Please use pipes as much as possible on Assignment 2 - it will make the code more readable

List.zip is the opposite of unzip: take two lists and make a single list pairing elements

List.zip [1;2;3] [4;5;6];;
- : (int * int) list List.Or_unequal_lengths.t =
Core.List.Or_unequal_lengths.Ok [(1, 4); (2, 5); (3, 6)]

The strange result type is dealing with the case where the lists supplied may not be same length
This type is the same as an option type, but with Ok replacing Some and Unequal_lengths replacing None
We will figure out why the type is a List.Or_unequal_lengths.t soon, you can ignore that mess for now.
Note List.zip_exn will just raise an exception for unequal-length lists, avoiding the wrapper ugliness
- But, in larger programs we want to avoid exceptions at a distance so it is often worth wrapping

Zip/unzip and Currying

We should be able to zip and then unzip as a no-op, one should undo the other (we will use the _exn version here to avoid having to unwrap wrappers).

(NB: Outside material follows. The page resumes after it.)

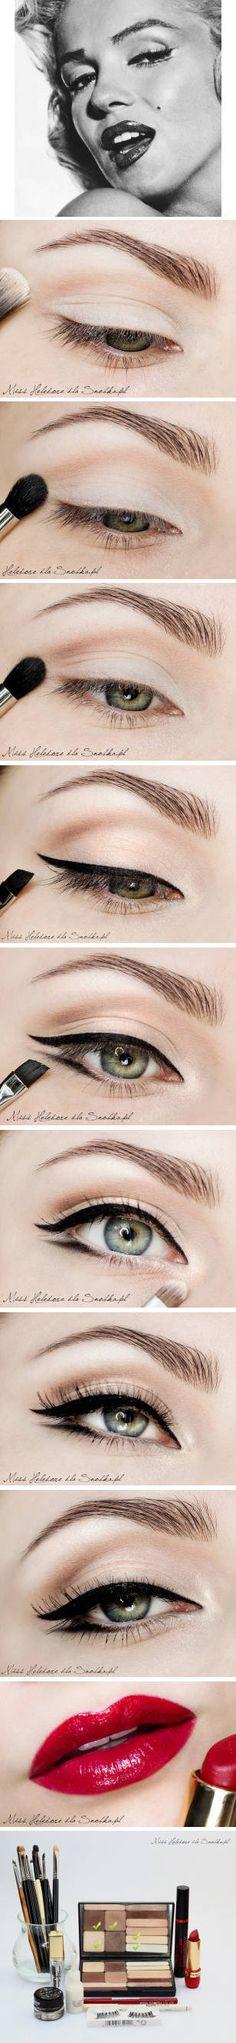 pin up makeup, makeup tutorials, beauty makeup, marilyn monroe, eye makeup, cat eyes, everyday style, red lips, eye liner

List.unzip @@ List.zip_exn [1;2] [3;4];;

And the reverse should also work as it is an isomorphism:

List.zip_exn @@ List.unzip [(1, 3); (2, 4)];;
Line 1, characters 16-43:
Error: This expression has type int list * int list
       but an expression was expected of type 'a list

Oops! It fails. What happened here?
List.zip_exn takes two curried arguments, lists to zip (its type is 'a list -> 'b list -> ('a * 'b) list ), whereas List.unzip returns a pair of lists.

No worries, we can write a wrapper (an adapter) turning List.zip_exn into a version taking a pair of lists:

let zip_pair (l,r) = List.zip_exn l r in (* Notice there is ONE argument here, a PAIR pattern (l,r) *)
zip_pair @@ List.unzip [(1, 3); (2, 4)];; (* should be a no-op *)
[(1, 3); (2, 4)] |> List.unzip|> zip_pair ;; (* Pipe equivalent form *)

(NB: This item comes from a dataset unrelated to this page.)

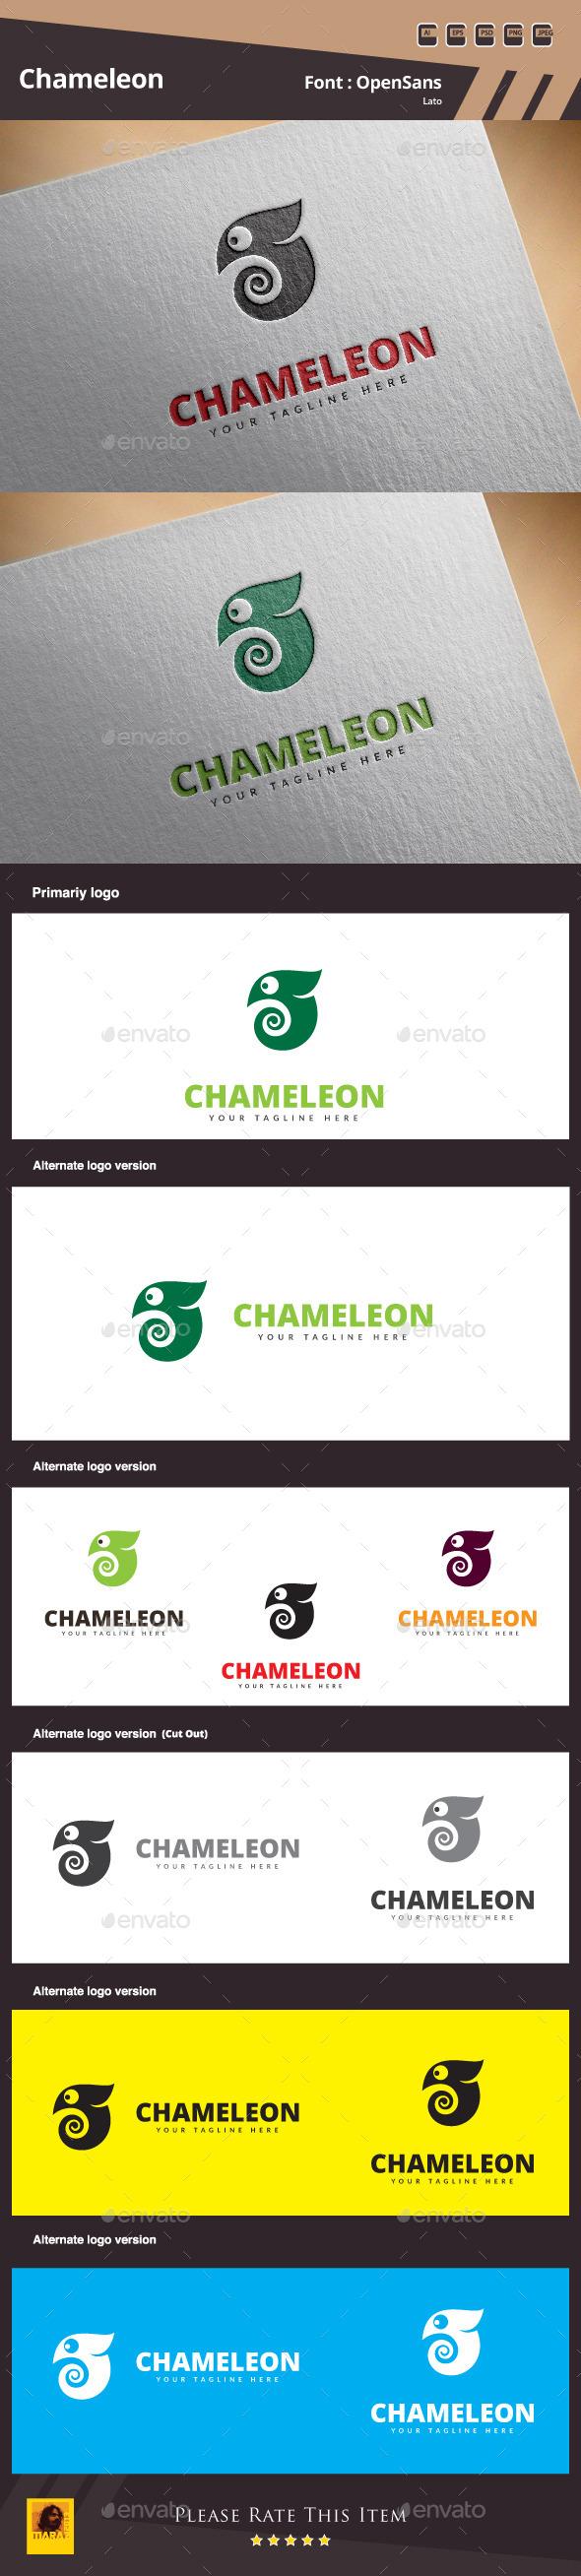 GraphicRiver Chameleon Logo Template 11030807

Congratulations, we just wrote a fancy no-op function 😁
The general principle here is a curried 2-argument function like int -> int -> int is isomorphic to int * int -> int
The latter form looks more like a standard function taking multiple arguments and is the uncurried form.
And we sometimes need to interconvert between the two representations
This conversion is called uncurrying (curried to pair/triple/etc form) or currying (putting it into curried form)

Curry/Uncurry are themselves functions

We can even write combinators which generically convert between these two forms - !
curry - takes in uncurried 2-arg function and returns a curried version
uncurry - takes in curried 2-arg function and returns an non-curried version

let curry f = fun x -> fun y -> f (x, y);;
let uncurry f = fun (x, y) -> f x y;;

Observe the types themselves in fact fully define their behavior:

curry : ('a * 'b -> 'c) -> 'a -> 'b -> 'c
uncurry : ('a -> 'b -> 'c) -> 'a * 'b -> 'c

We can now use our new combinator to build zip_pair directly:

let zip_pair  = uncurry List.zip_exn;;

One last higher-order function: compose

Composition function g o f: take two functions, return their composition

let compose g f = (fun x -> g (f x));;
compose (fun x -> x + 3) (fun x -> x * 2) 10;;

The type says it all again, ('a -> 'b) -> ('c -> 'a) -> 'c -> 'b
Equivalent ways to code compose in OCaml:

let compose g f x =  g (f x);;
let compose g f = (fun x -> g(f x));; (* this equivalent form reads more how you think of the "o" operation in math *)
let compose = (fun g -> (fun f -> (fun x -> g(f x))));;
let compose g f x =  x |> f |> g;; (* This is the readability winner: feed x into f and f's result into g *)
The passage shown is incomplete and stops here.